Posted Jul 2, 2010 by Scott Carter

Updated Jul 2, 2010 at 10:47 AM

Once upon a time, new USF men’s golf coach Chris Malloy envisioned walking toward the 18th green in front of a swollen gallery, needing a birdie putt to win a tournament title.

He still does, but rather than taking the putt himself, Malloy hopes that his coaching makes a difference for the player gripping the putter.

“I was going to pursue a professional playing career,’’ said Malloy, who starred at Ole Miss in the late ‘90s and early 2000s. “That was certainly the plan. The one thing I pride myself on is that I am a realist. I was a realist about my chances about making millions on tour.’’

Malloy’s change of plans – opting to pursue a college coaching career instead – paid off nicely earlier this week when USF hired him to replace former coach Jim Fee.

Malloy has spent the past four seasons working as an assistant under Florida State coach Trey Jones. The Seminoles made it all the way to the Final Four last season, and Malloy is determined to build USF’s program into one that has Final Four ability. His contract pays him $60,000 annually plus incentives.

Here is our Q&A with the 32-year-old Malloy:

Q: Once you decided to get into coaching, how important was taking over your own program one day?

A: It’s the reason you get into coaching in the first place. It’s the reason that I was an assistant coach and came to a place like Florida State to work for a guy like Trey Jones, to have an opportunity to take over a program like this. This is just a dream come true.

Q: Was USF’s program one you kept a close eye on?

A: There’s no doubt about it. The day I heard about it, I was on the phone 10 minutes later to ask Coach Fee if the rumor was true and asked what I needed to do to get into the mix. I just gave it everything I had to get involved.

Q: What makes the USF program appealing as a head coach?

A: It’s a program that you’ve looked at for a while as an assistant coach and you target. What programs do you think you can be very successful in? There are a lot of programs that have head-coaching positions come open, but there are only a select few that are very good ones that you want to pursue. I believe in my heart that I could have been successful coaching at a California school, or a Midwest school. The connections that I’ve made [at FSU], you almost waste them if you go to another area. You want to stay in the Southeast and Florida if possible. It’s absolutely the perfect fit. I think we can be successful a lot sooner than a lot of people think.
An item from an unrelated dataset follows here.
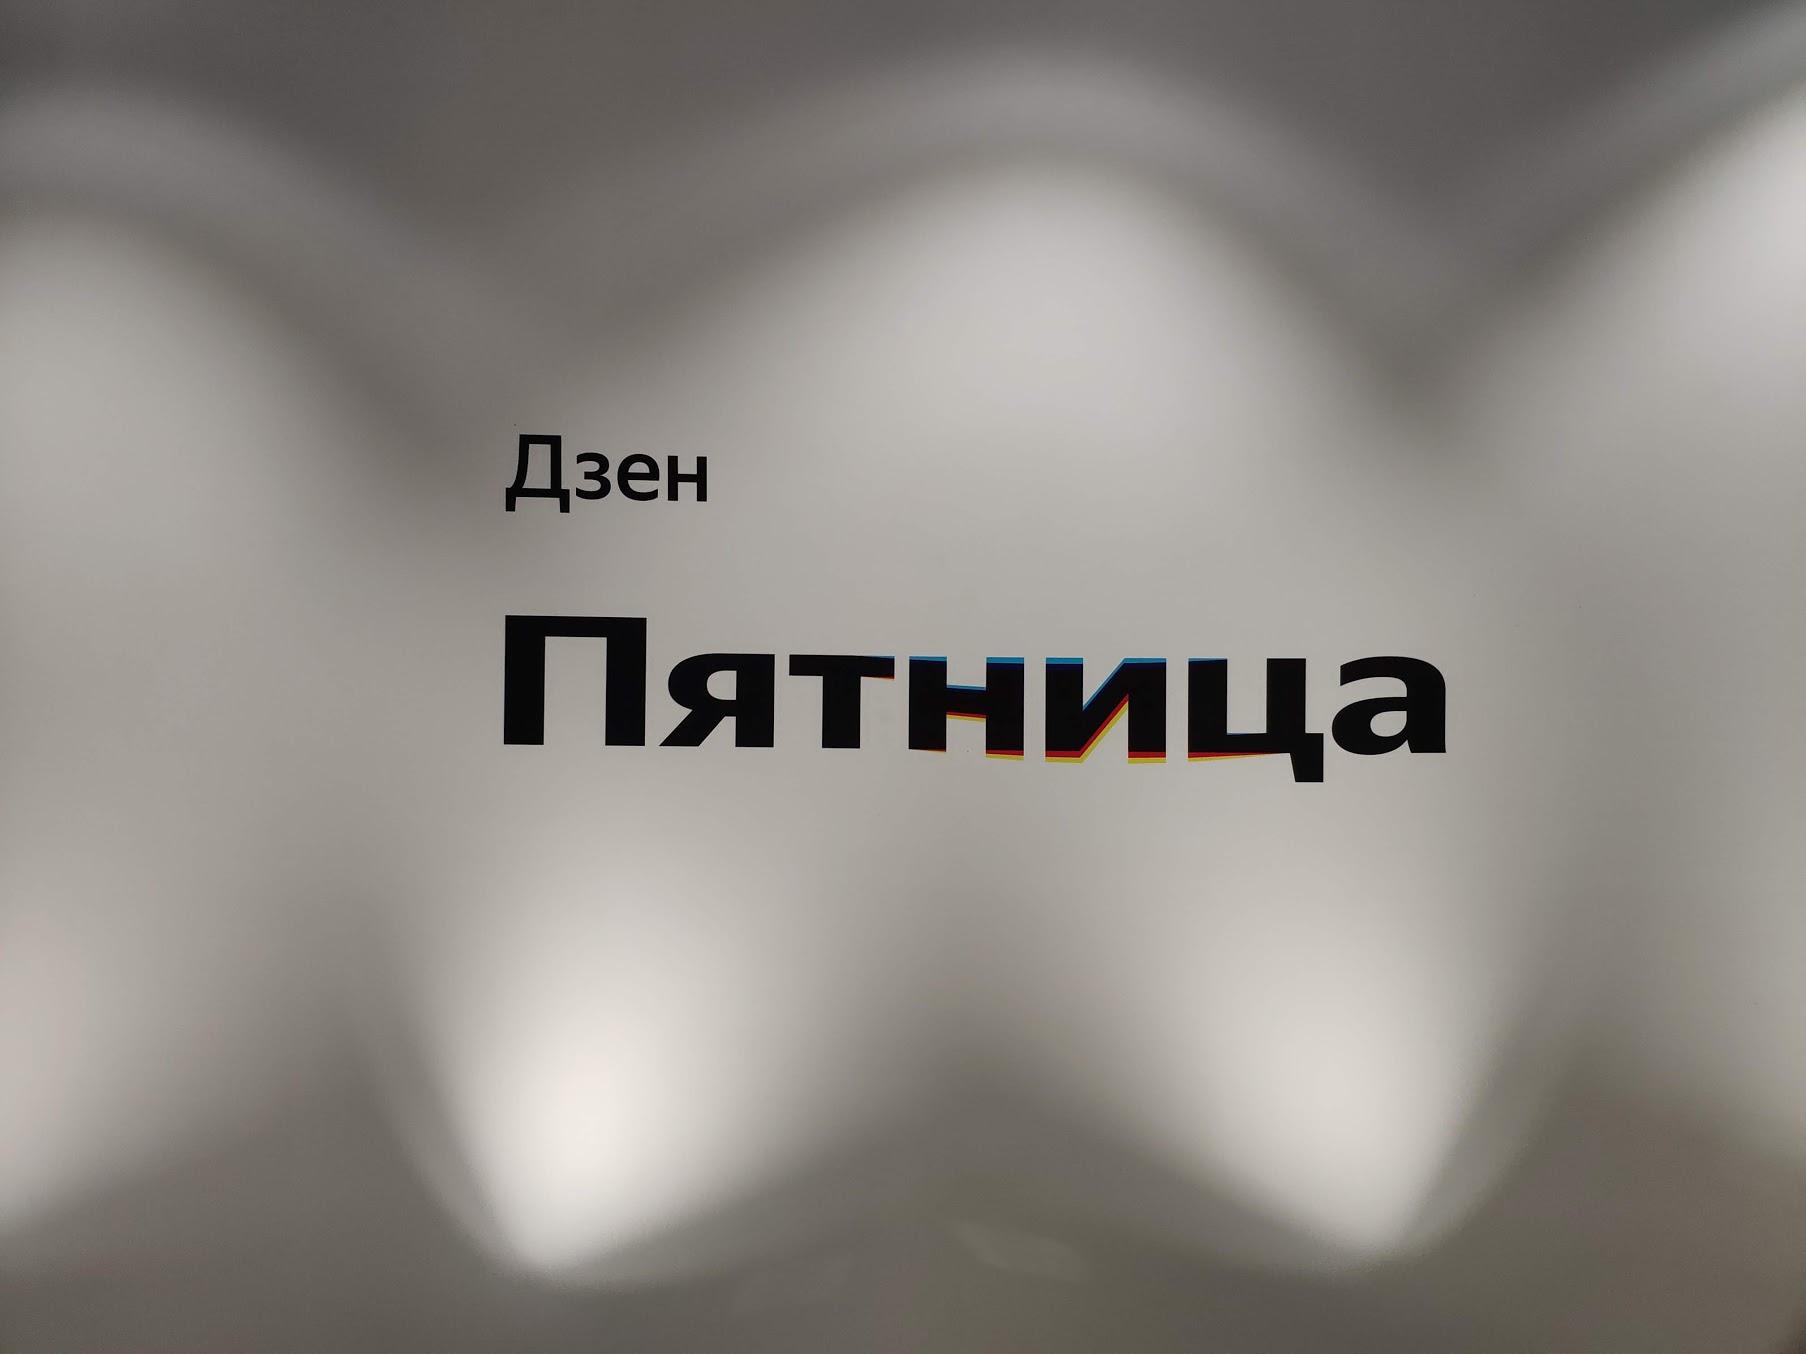 Яндекс.Дзен: как включить монетизацию, попасть вТОП каналов. Идаже получить ограничение показов

Q: What got you into golf in the first place?

A: You know, I just wanted to follow my dad out to the golf course. We were members at a country club in Northern Virginia. He would go play with his friends, and I would tag along in the mornings. It was always fun to me—that’s what originally got me into it. I’ve always been competitive to a fault. It was just another way to be competitive.’’

Q: What is your most memorable day on a golf course?

A: I would still to this day … winning our first-round match this past year at the NCAA championship to advance to the Final Four. I know it’s fresh in my mind, but it’s something I will never forget. The electricity, just everything about it, was so special.

Q: You ever made a hole-in-one?

A: I have. I hit an 8-iron from 162 yards at a course called Kirkwood right outside Ole Miss. I’ve had the ball fly in and come out numerous times. I’ve been around quite a few times, but I did get one. I haven’t been shut out.